#### DATA TO PROCESS:
————

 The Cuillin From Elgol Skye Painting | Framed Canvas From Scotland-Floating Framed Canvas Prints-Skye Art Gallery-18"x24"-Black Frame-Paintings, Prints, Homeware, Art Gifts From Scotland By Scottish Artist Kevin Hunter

————

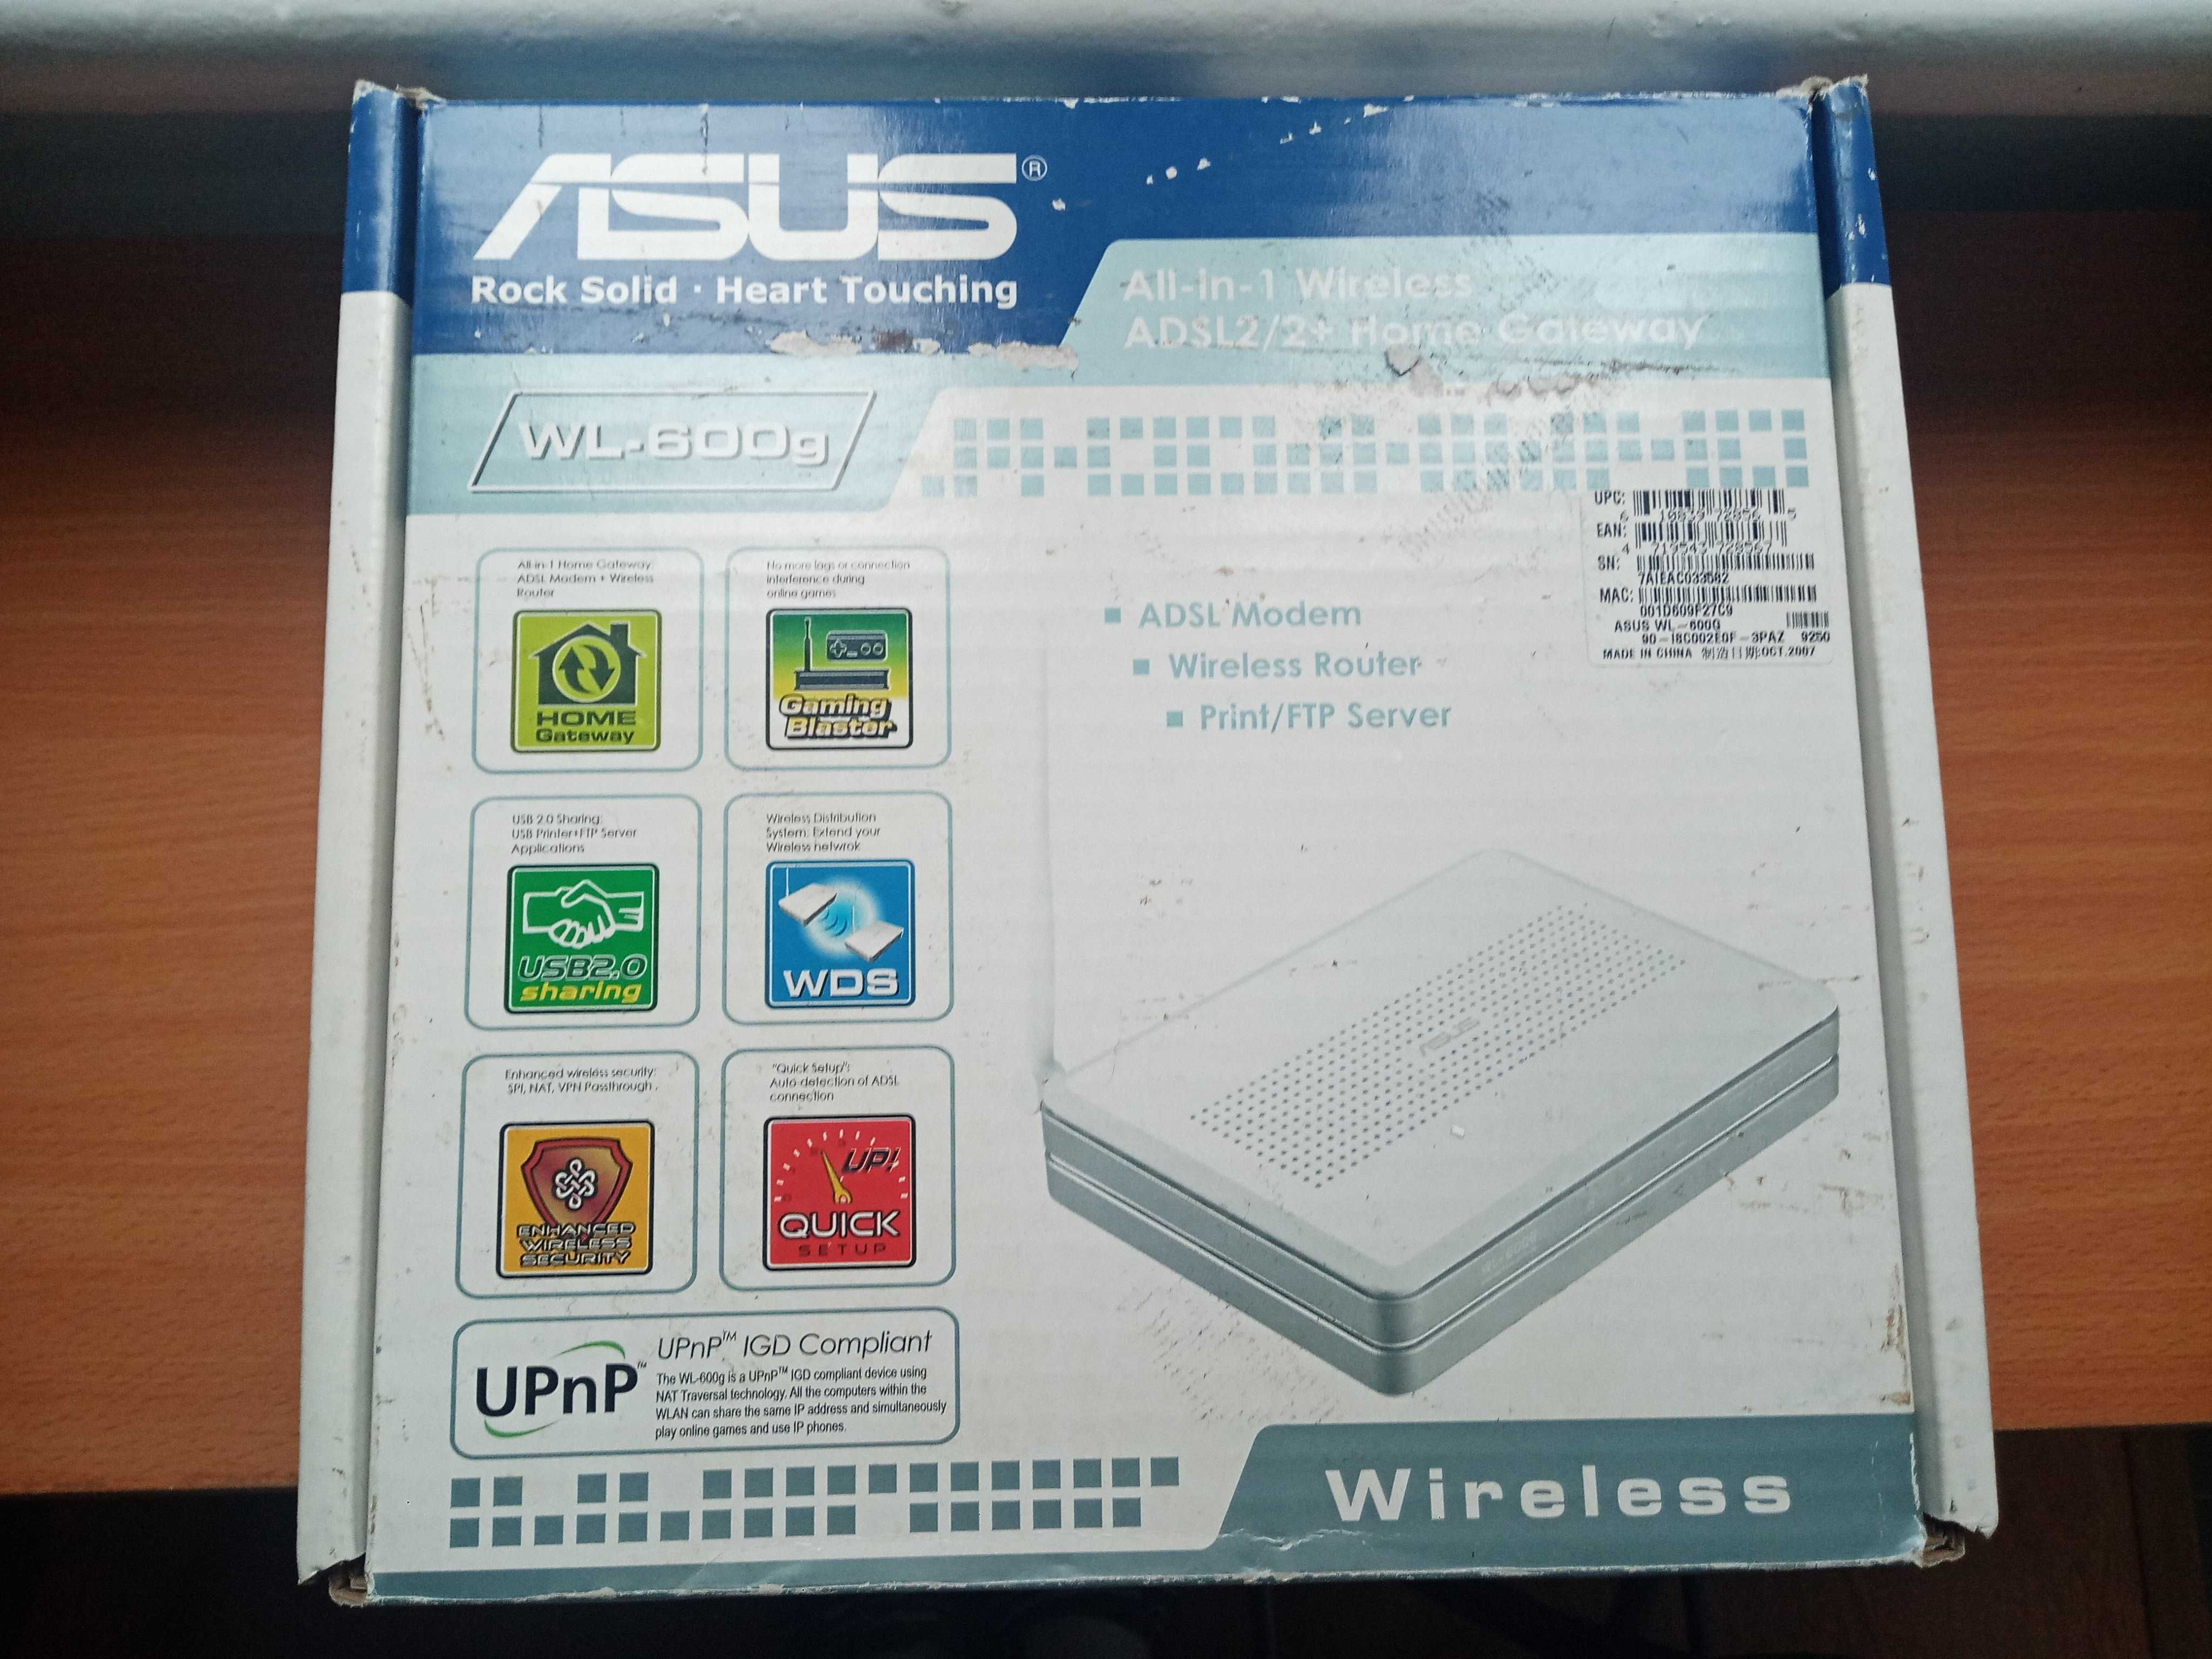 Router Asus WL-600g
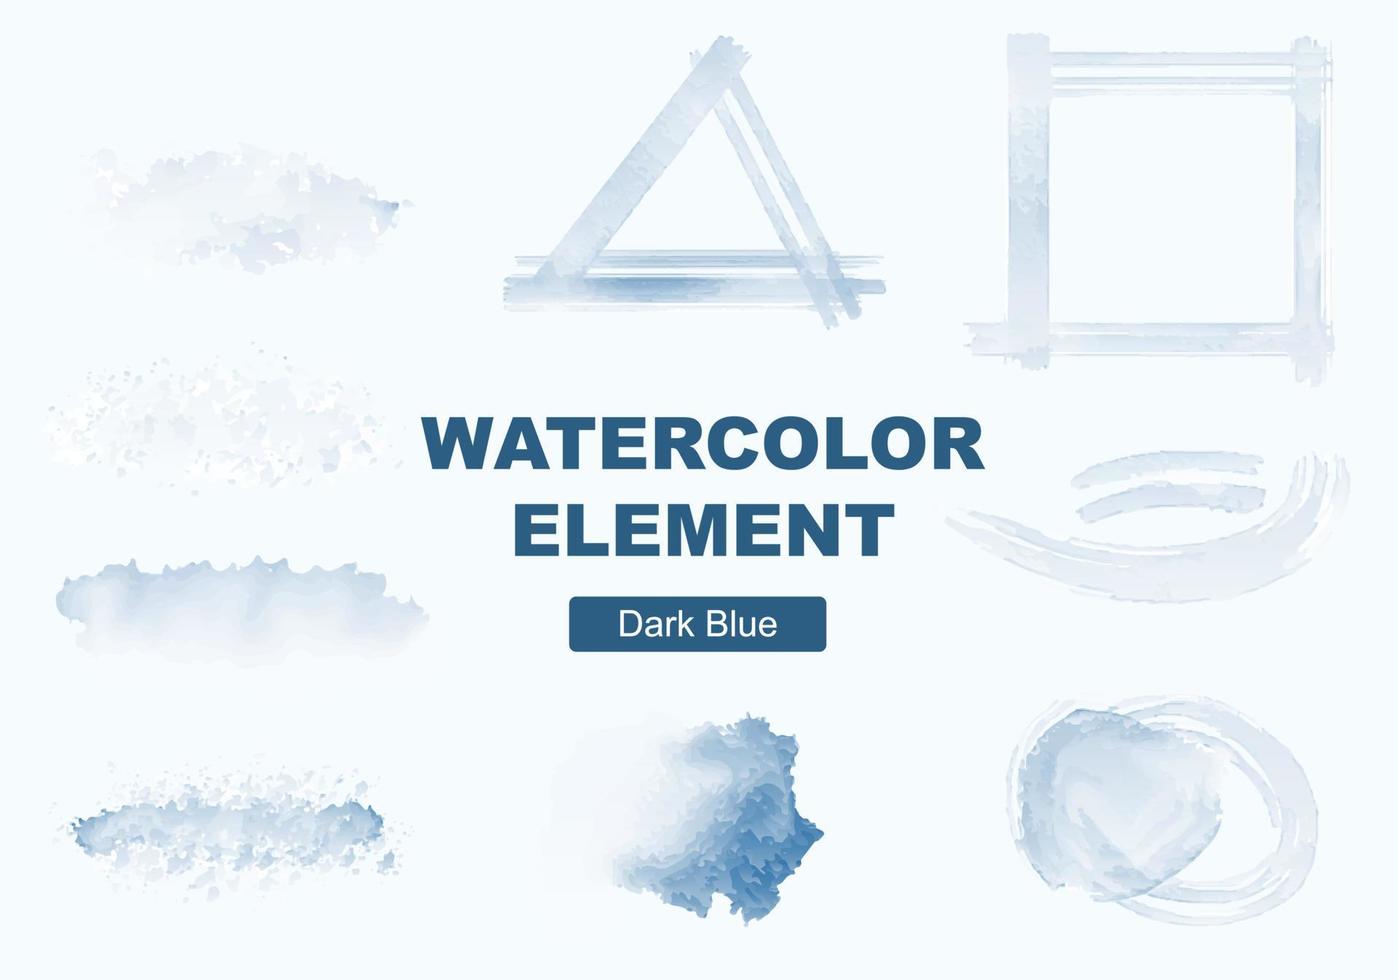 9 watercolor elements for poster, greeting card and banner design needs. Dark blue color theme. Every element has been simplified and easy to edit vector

————

#### TASK:
Write out, word for word, the stretch of entries that begins at the line with "Router Asus WL-600g" and ends at the line with "9 watercolor elements". Pictures do not belong in it.

#### THE ANSWER:
 Router Asus WL-600g
 9 watercolor elements for poster, greeting card and banner design needs. Dark blue color theme. Every element has been simplified and easy to edit vector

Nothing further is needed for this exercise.